I don’t ask what he means by this way. I know. Deep down, in the dark places I don’t want to look, I understand exactly what he’s saying.

“I’m asking about them,” he lifts his brows, his nose still pressed to mine, as if he wants me to understand who he means by “them” without saying their names and ruining our moment.

I definitely understand.

And I know eventually, I’ll ruin this moment myself.

I’m sorry, Faust. A silent, preemptive apology for when I fuck it all up.

“I want to know what connection they could have to Sylvan, and how it all comes back to you.” He whispers the last word over my lips, then runs his nose against mine again.

I feel like melting here. Just like this. Only for tonight.

Maybe I’ll fuck it up in the morning.

But tonight, could I keep him?

“And I want to know how you met them. Because they were older, weren’t they?

And I find it pretty fucking gross they were hanging around college students our age.

Poaching them from campus, judging by how often they seemed to be here, and they’re not students themselves.

” He brushes his lips over mine, still gripping tight to my throat, but gentle enough I can easily take in air. “Don’t you, Neve? Find it gross?”

“Yes,” I murmur.

“Say it,” he whispers. “Tell me they’re disgusting.”

“Well, they’re dead—”

He tightens his hold on my neck, cutting off my words.

Now, it’s a little harder to breathe.

“Tell me, North.”

Fuck. My eyes flutter closed, and I obey him. “They’re disgusting.” A whisper, but I did what he wanted.

“Good girl.” His lips bump mine. “Now tell me you want to sleep here, Neve.”

I don’t open my eyes. I want to give into the moment. Cyn will kill me herself, but maybe not, because this gives her all night with her football player. And if Cyn is sleeping with him, even just entertaining him over night, it means something to her.

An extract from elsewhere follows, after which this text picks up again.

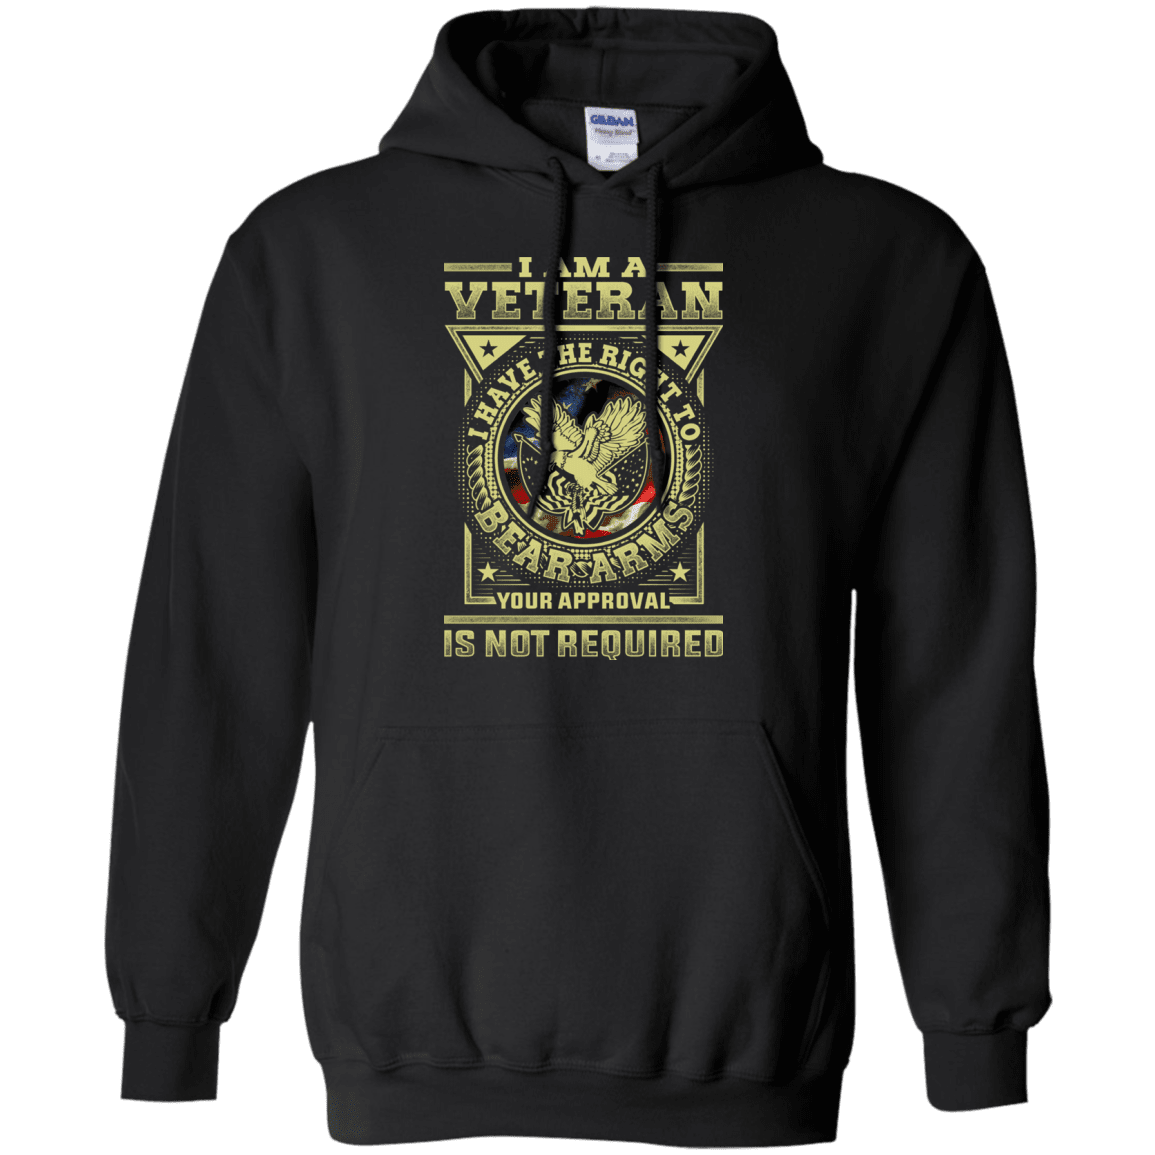 Military T-Shirt "Veteran Have the Right To Bear Arms Men" Front-TShirt-General-Veterans Nation

So I nod once, without thinking it through, but then when I do, the panic starts to bleed in.

“I don’t have clothes or—”

“You can wear mine.”

“Skincare or—”

“I have products you can try.”

At that, my eyes fly open. “What?” I wonder how many other girls he’s seduced, all over again, but he frowns at me.

“Don’t I have nice skin?” he asks, very seriously, his grip on my neck loosening again.

I laugh a little as he pulls back so I can take in his entire face. “Well, yeah, I just assumed…”

“That since I’m a hockey bro, I don’t take care of my skin?”

A giggle slips past my lips and I blush hot. “Well. Yes.”

“Jesus.” He blows out a breath. But then the small smile he had slips from his face and he’s staring at me again. “Stay tonight. Tell me about them.” His eyes narrow a fraction. “We won’t sleep together. I’ll take you home in the morning.”

I try to make it a joke when I ask, “Why do you keep rejecting me before I’ve even done anything?” But it comes out kind of pathetic.

He strokes his thumb down my windpipe, then curls the fingers of his other hand against my side, digging in, like he’s trying to be nice but he can’t hide his possessiveness, either.

“I don’t want to ruin this,” he says softly. “And despite what you may have heard, I don’t sleep with just anyone.”

It’s my turn to glare now. “Are you saying I’m just anyone?”

He rolls his eyes and it’s so cute I want to pinch him, but I keep my hands by my sides. “No.” He lets me go, all at once, and it’s enough to send me pitching back, just a little before I catch my balance. “Not at all. Not even close.”